LLM Safety Alignment is Divergence Estimation in Disguise
Rajdeep Haldar, Ziyi Wang, Qifan Song, Guang Lin, Yue Xing
TL;DR
This work reframes LLM safety alignment as divergence estimation between aligned and unaligned response distributions, unifying RLHF, DPO, KTO, and BCO under a single probabilistic lens. It introduces KLDO, a KL-divergence-based alignment objective, and a broader FDO family, providing theoretical guarantees via alignment-consistency and linking these to the separation of safe vs. harmful prompts in latent space. The authors show that CR data yield stronger separation and robustness than Pref data, and they validate these predictions with extensive experiments across multiple model families, demonstrating that greater latent separation correlates with improved safety. The framework offers a principled path to designing new alignment objectives that improve safety without sacrificing utility, with implications for scalable, robust alignment in real-world systems.
Abstract
We present a theoretical framework showing that popular LLM alignment methods, including RLHF and its variants, can be understood as divergence estimators between aligned (safe or preferred) and unaligned (harmful or less preferred) distributions.

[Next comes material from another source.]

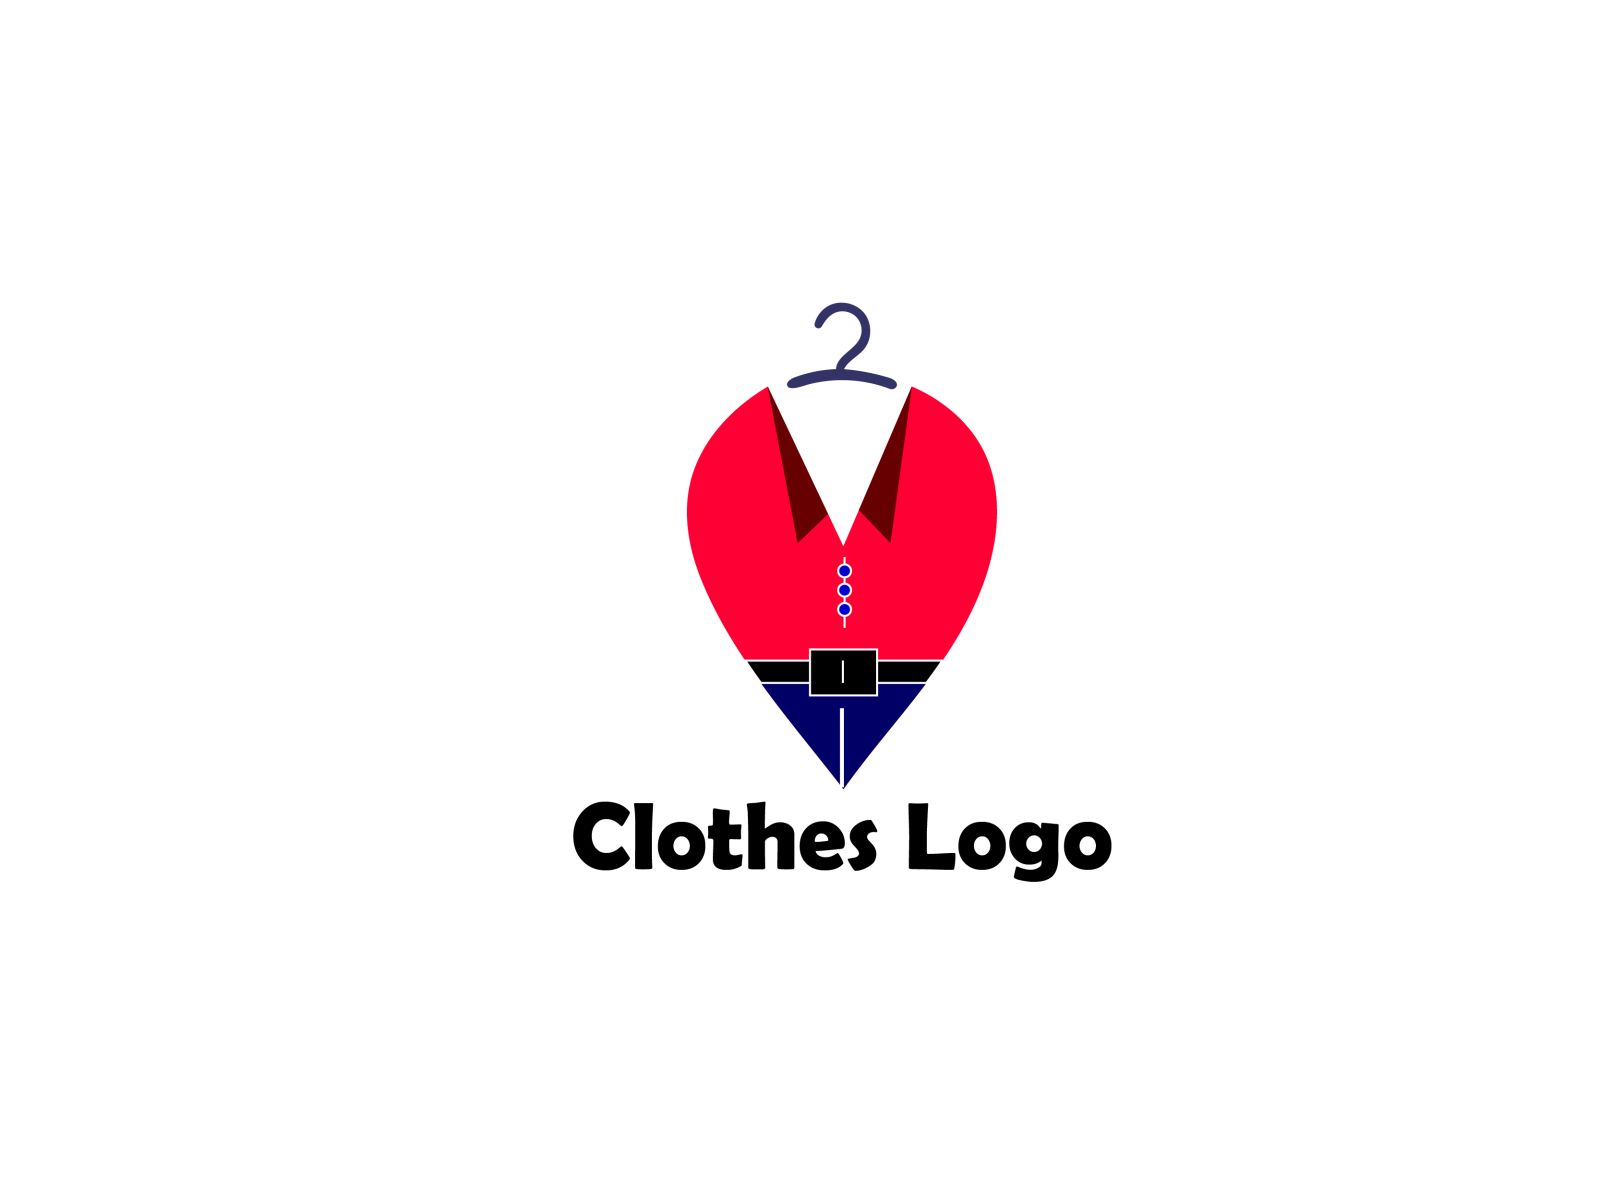 Clothes Logo by Baetiger Art on Dribbble

This perspective explains the emergence of separation in the latent space between safe and harmful prompts after alignment. As an application of our general divergence framework, we propose KLDO, a novel KL divergence-based alignment method, and empirically validate its effectiveness. We further show that using compliance-refusal datasets, rather than standard preference-based datasets, leads to stronger separation and improved safety alignment. Finally, to quantify the separation effect, we propose a distance-based metric in the prompt representation space, which also acts as a statistically significant indicator for model safety.